Posted by Terry K. at 1:39 PM EDT
Wednesday, August 3, 2005
Blaming the Victim
Topic: WorldNetDaily
An Aug. 3 WorldNetDaily column by Jill Stanek plays blame-the-victim in criticizing the National Organization for Women's highlighting of individual cases of women who died as the result of illegal abortions. In the case of one woman NOW cites, Becky Bell, Stanek writes:

It turned out Becky had been promiscuous since age 15 and was a known drug user. Her parents placed her in drug rehab earlier in 1988 for several weeks. The weekend before Becky died, she was, according to the coroner's report, "reportedly at a party where various drugs were being used [cocaine, 'speed,' and LSD] ... and later claimed that someone had put 'speed' in her drink."

Stanek adds: "And what about the faces of death due to legal abortions? There are four timely faces NOW could showcase – four who have died just since 2003 from legal RU-486 abortions." As ConWebWatch has noted, the number of deaths allegedly linked to RU-486 is much smaller than the number attributed to liver failure induced by taking Tylenol, as well as smaller than the number of men killed by taking Viagra. But we don't see Stanek rallying the troops to take Tylenol or Viagra off the market.

And somehow, we suspect Stanek won't be painting the purported victims of RU-486 as sluts and druggies like Becky Bell. (Not that we have any knowledge of that.)

Posted by Terry K. at 1:08 PM EDT
Tuesday, August 2, 2005
What CNS Won't Tell You
Topic: CNSNews.com
An Aug. 2 CNSNews.com article by Melanie Hunter touts the results of a report by the American Center for Voting Rights Legislative Fund alleging that "paid Democrat operatives were far more involved in voter intimidation and suppression activities than were their Republican counterparts during the 2004 presidential election."

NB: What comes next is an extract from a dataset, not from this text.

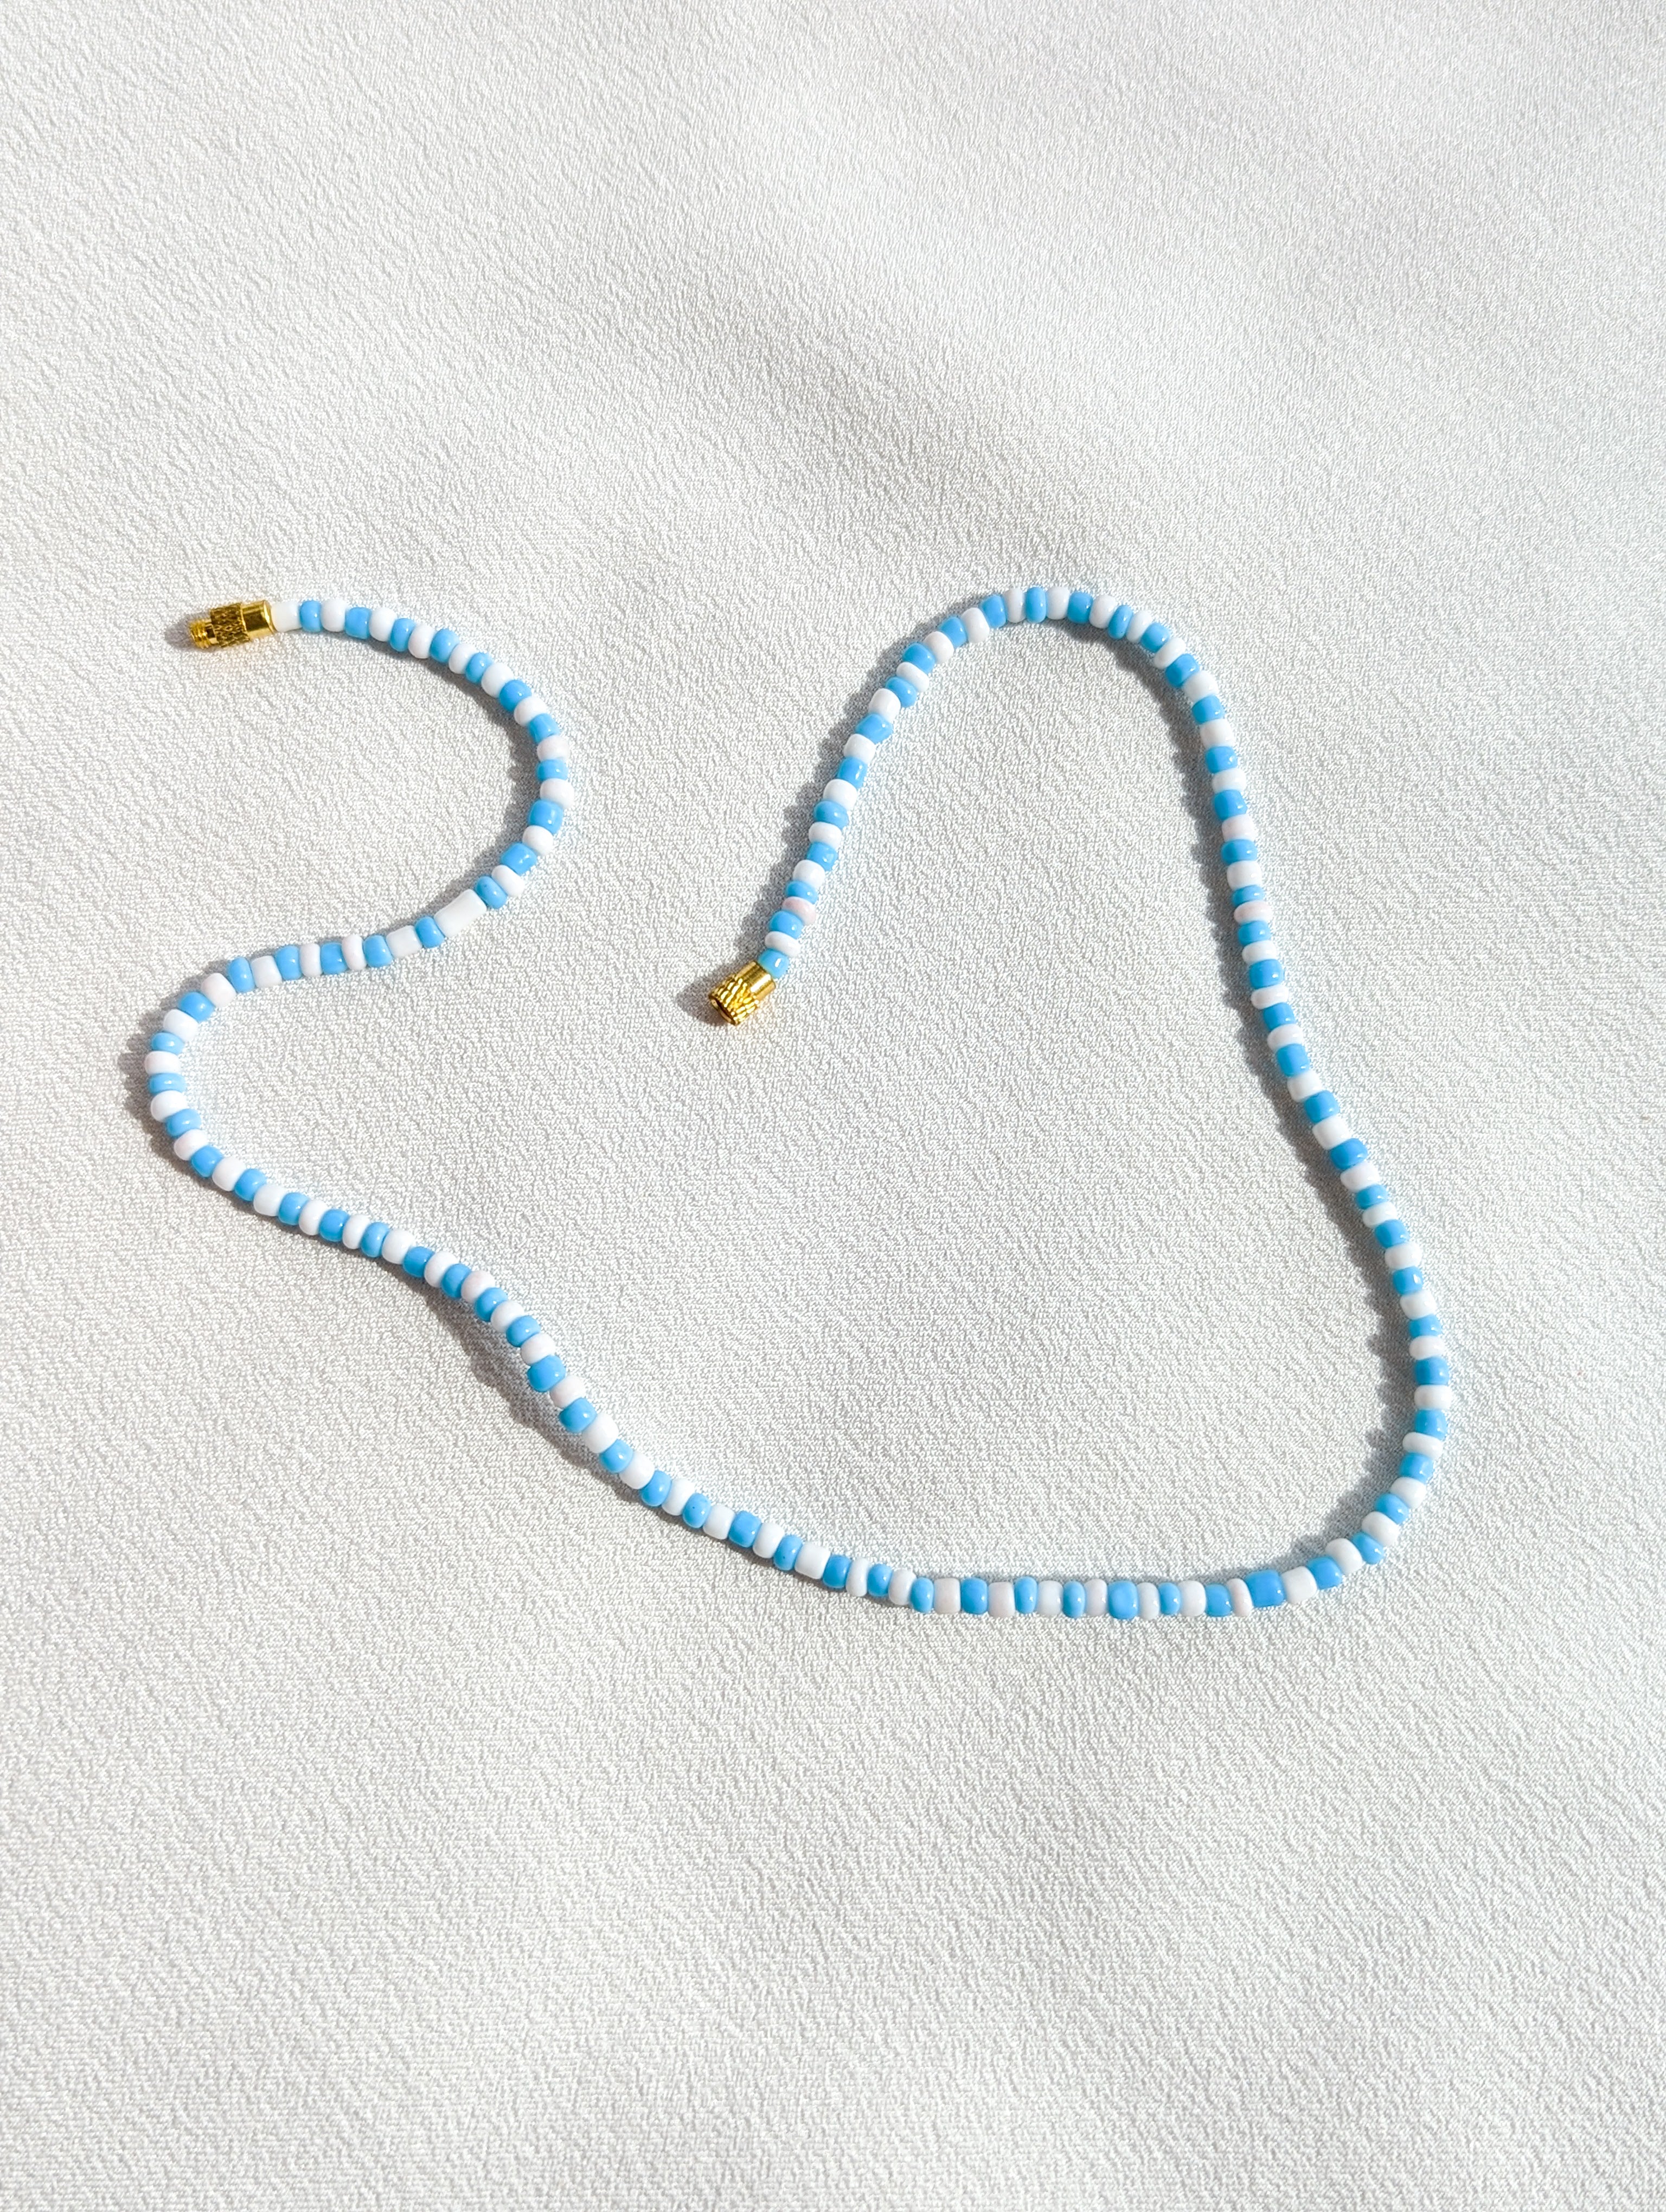 [THE TWO] Necklace: Blue/White [Small Beads]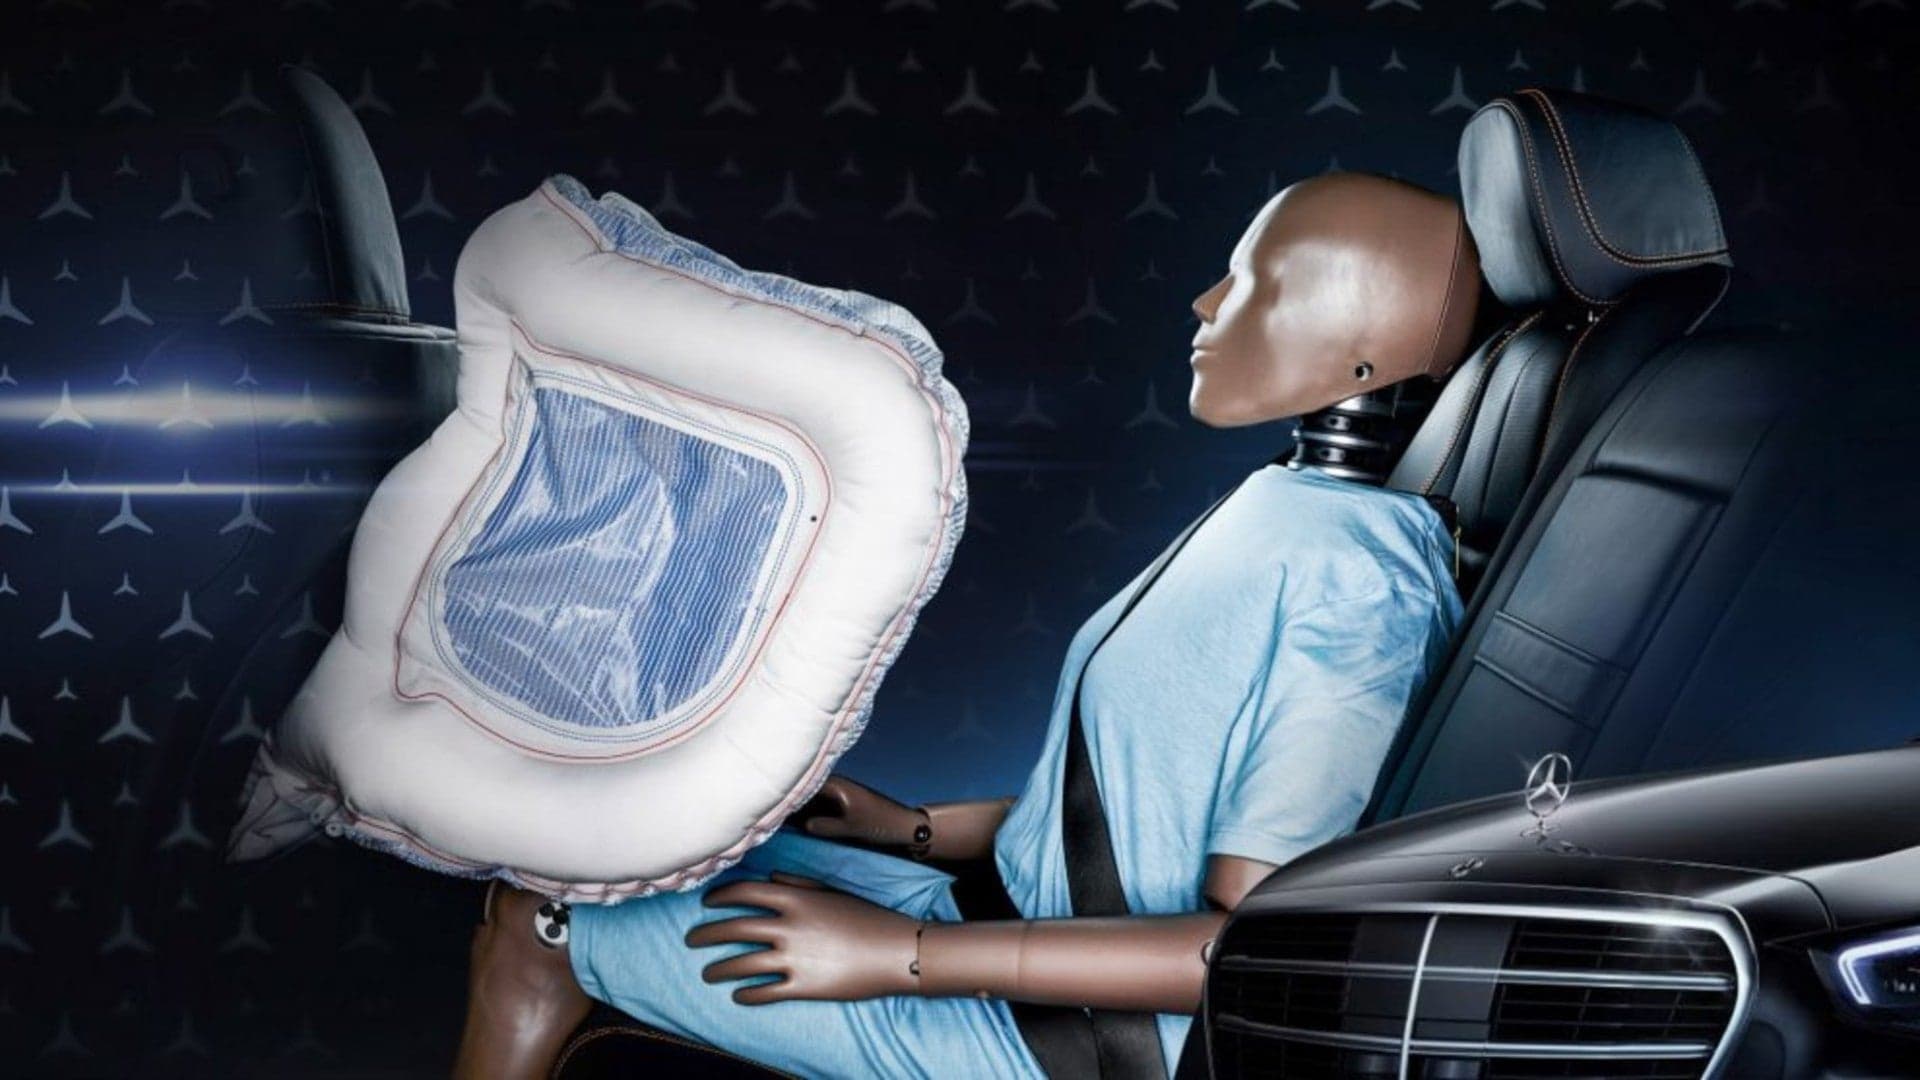 The 2021 Mercedes-Benz S-Class Will Be the First Production Car With Rear Seat Airbags

Hunter describes the American Center for Voting Rights merely as "a voting rights group"; in fact, the group is a conservative group (which explains the focus on alleged Democrat voter fraud). The group's leaders have a Republican background: The group's legislative counsel, Mark F. "Thor" Hearne, was a national election counsel for the Bush-Cheney re-election campaign, and the center's publicist, Jim Dyke, is a former communications director for the Republican National Committee. (BradBlog has more.)

CNS knows all this, by the way; it did a story back in March on criticism of the group's Republican ties. Interestingly, the article, by Kathleen Rhodes, doesn't actually detail what those ties are, merely paraphrasing Dyke acknowledging that "the group includes a number of people formerly involved in Republican politics" and noting the "apparently partisan edge" and the "pretty anti-Bush" posts found on BradBlog.